Сказавши всё, что нужно, и запихнув в карман поданную генералом ассигнацию, доктор удалился. Проводивши его, генерал Бетрищев подошёл к дивану и, глядя на Павла Ивановича виновато-растерянными глазами, спросил:
— Ну, как ты, братец? Получше али нет?
На что Чичиков, чувствуя после кровопускания необыкновенную лёгкость и в голове и во всём теле, ответил, что ничего, что сейчас встанет, и пошевельнулся было, собираясь и впрямь вставать, но генерал перепугался и, придерживая его руками, заставил улечься на прежнее место.
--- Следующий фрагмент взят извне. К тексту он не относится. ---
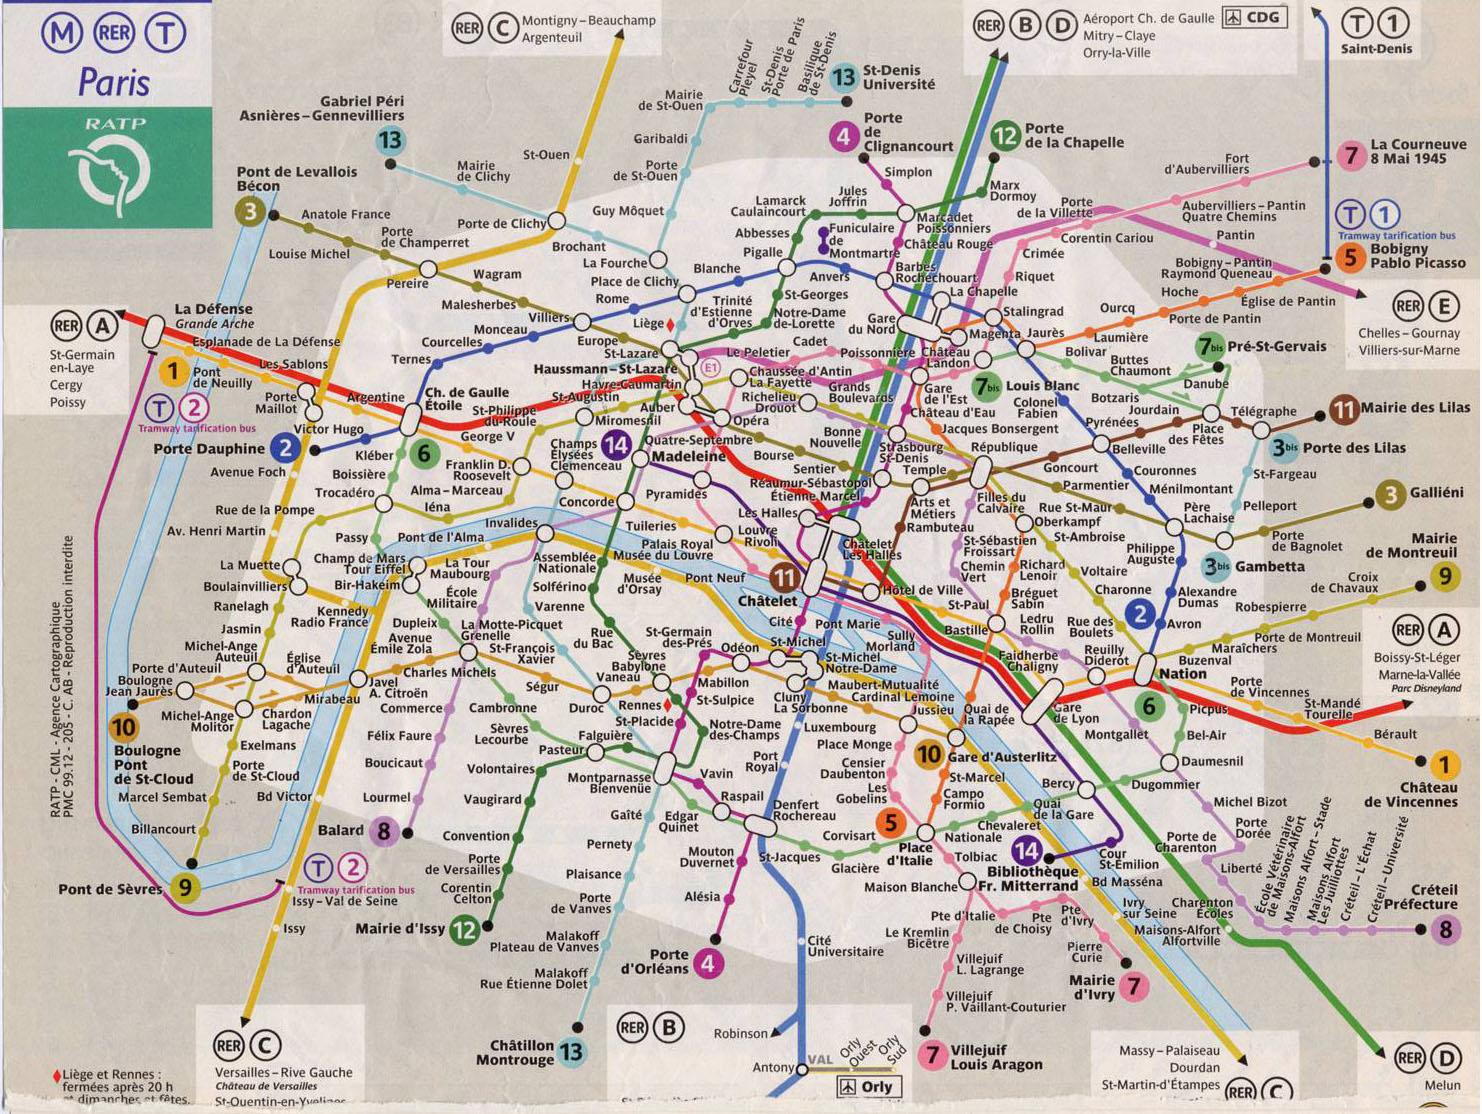 Paris metro train map - Paris train line map (Île-de-France - France)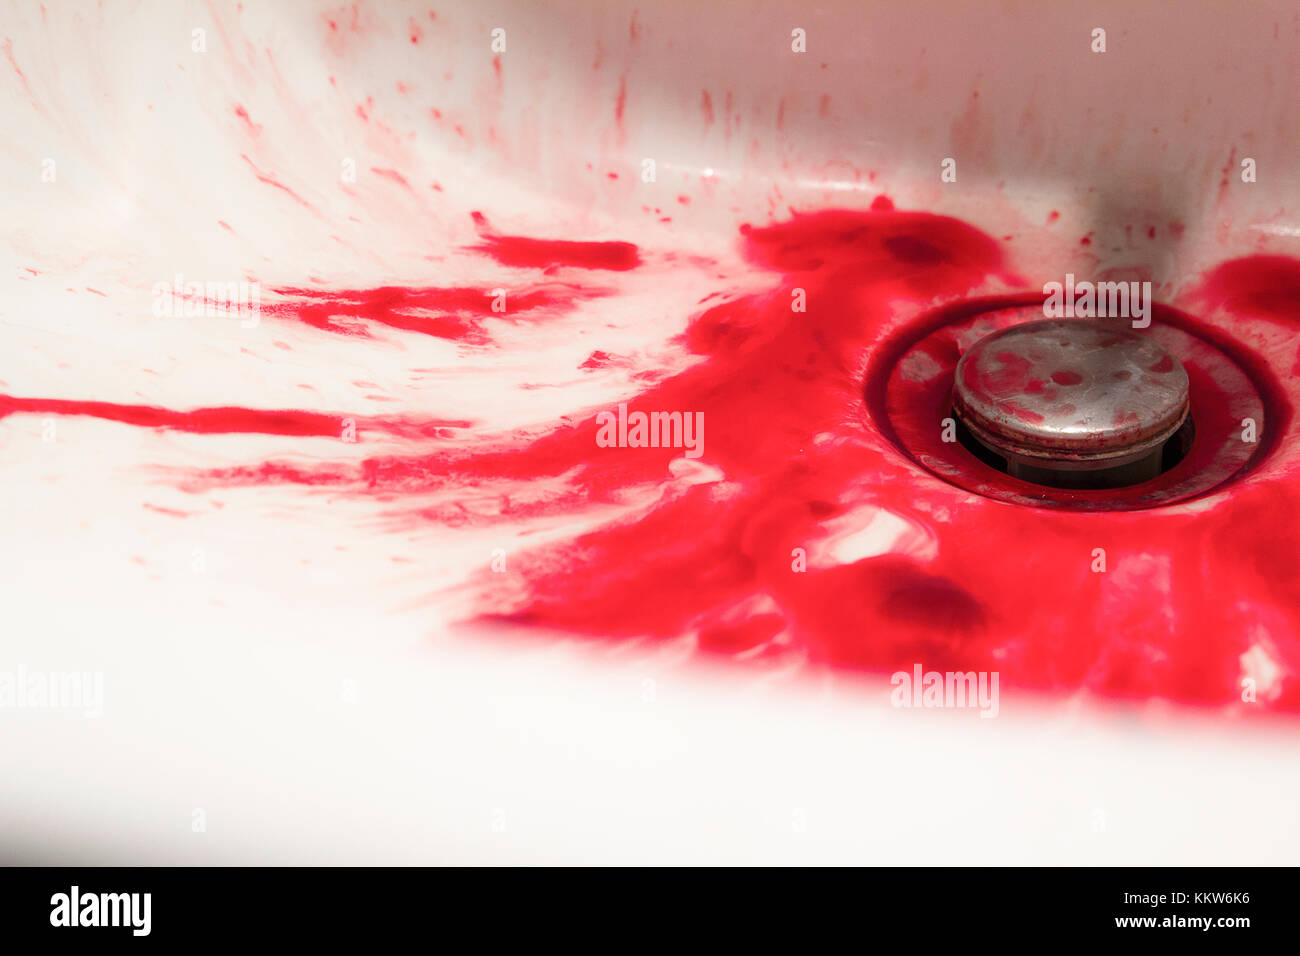 Une baignoire pleine de sang suggère un événement tragique, probablement un suicide. Banque D'Images

Выходивший из комнатки Афанасий Васильевич воротился, объявив Чичикову, что сейчас напоят его куриным бульоном, который уже был поставлен на плиту беззубою старухою, и что за порошками, прописанными доктором, уже послано, на что Павел Иванович попытался то ли что-то возразить, то ли поблагодарить, но Муразов, жестом остановив невнятную речь Павла Ивановича, сказал:
— Вы уж меня простите, голубчик, за то высказанное подозрение. Я и думать не смел, что оно на вас так подействует, так что вы уж не держите сердца на старика… И по тому делу, кстати: кто бы ни был тот молодой господин, я не имею права осуждать его, ибо он уже поплатился сполна за своё преступление, и я уверен, что нынче он искренне раскаивается, да к тому же я и понять его могу: молодой, деятельный, умный, а жизнь не складывается, что-то в ней не так, и прямою дорогою не дойдёшь до богатства, вот и свернул на кривую. К сожалению, голубчик вы мой, Павел Иванович, в нашем отечестве мало их — прямых дорог, всё больше кривые. И мне, старику, приходится ими пользоваться, к сожалению, таков порядок вещей, коли уж принялся делами заниматься, то от этого не уйдёшь, — говорил Муразов, — но у меня правило — чужого не брать, а своё отдавать. Ведь иначе дела не сдвинешь, а дело-то огромное, и от него польза не мне одному, вот и приходится платить за то одно, чтобы только делу бы помех не строили… К чему это я всё говорю: вот ежели бы тот молодой господин, сумевший изобресть подобную хитрость, ежели бы он силы ума своего направил бы на истинно полезное, не для него одного только дело, сколько выгоды мог бы он принесть, сколько добра сделать. Что скажете, Павел Иванович? — спросил он у Чичикова, так, будто бы из простого любопытства стремясь узнать его мнение. Но Павел Иванович и в этот раз не ответил ничего, он снова закрыл лицо руками и тихонько, почти без звука, заплакал. Муразов, постоявши с минуту у дивана, на котором лежал попискивающий в притиснутые к лицу ладони Чичиков, успокаивающе потрепал его легонько по плечу и сказал:
— Полно вам, голубчик, убиваться. Не стоит вся эта история того. Вы пока полежите, а я до генерал-губернатора съезжу, поговорю с ним об вас. Обещаю вам это дело уладить, так что даже и не сомневайтесь.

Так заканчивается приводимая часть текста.